La dignità del lavoro in treno
Ci servono effettivamente poche parole per dire che da ora invidiamo i vicini svizzeri non solo per la cioccolata e le mucche «profumate» che pascolano su prati impeccabilmente verdi e ordinati, ma anche perché viene loro conteggiato come orario di lavoro il tragitto da casa all’ufficio. Certo, solo ai funzionari ed in alcuni casi, solo se il capufficio lo consente, solo per i dipendenti pubblici, solo se si utilizzano tram, bus o treno. Però...

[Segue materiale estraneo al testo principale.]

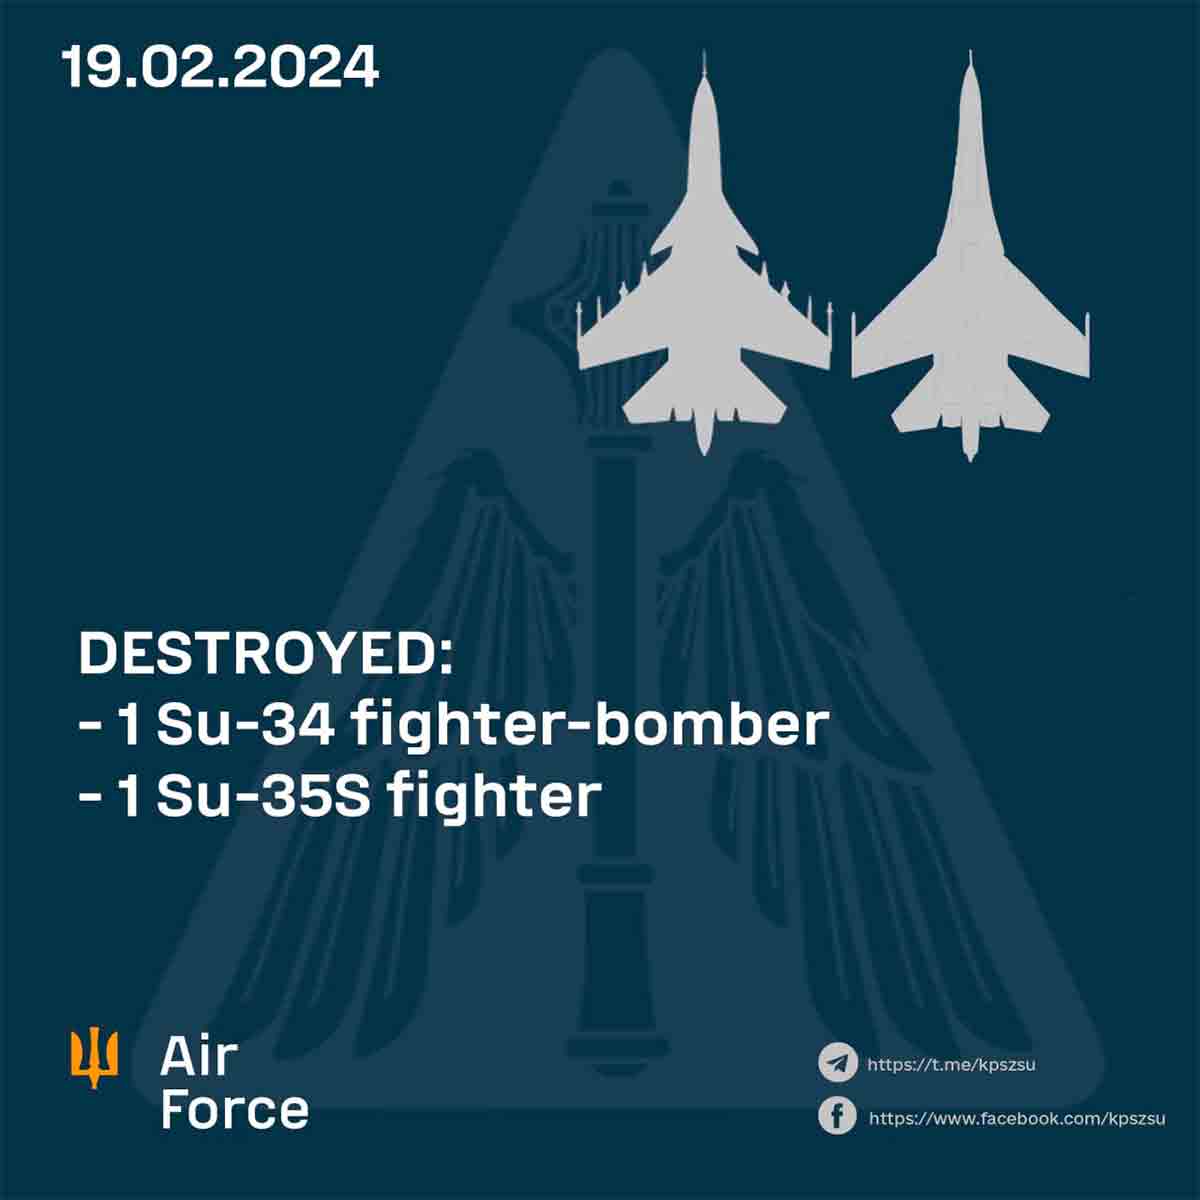 ウクライナ空軍、3日間で合計6機のロシア戦闘機を撃墜すると発表

Subito abbiamo pensato a cosa potrebbe accadere ad un lavoratore pendolare che ogni mattina va da Brescia a Milano con il regionale. Se si considera la sola andata, ci sono giorni in cui si accumulano fino a due ore di «lavoro» sul mezzo di trasporto. Con il ritorno, il rischio reale è che siano più le ore trascorse nell’ufficio viaggiante che in quello in muratura. Una flessibilità fantastica, che già in parte esiste nel privato, e che tiene conto delle nuove possibilità offerte dalla tecnologia che ci permettono di controllare e inviare mail e contattare altre persone grazie alle molte applicazioni.
Poi, pensiamo ai nostri treni che, se non sono ad alta velocità con posti prenotati, spesso nemmeno ci consentono di sederci. E torniamo con i piedi per terra: noi non siamo la Svizzera.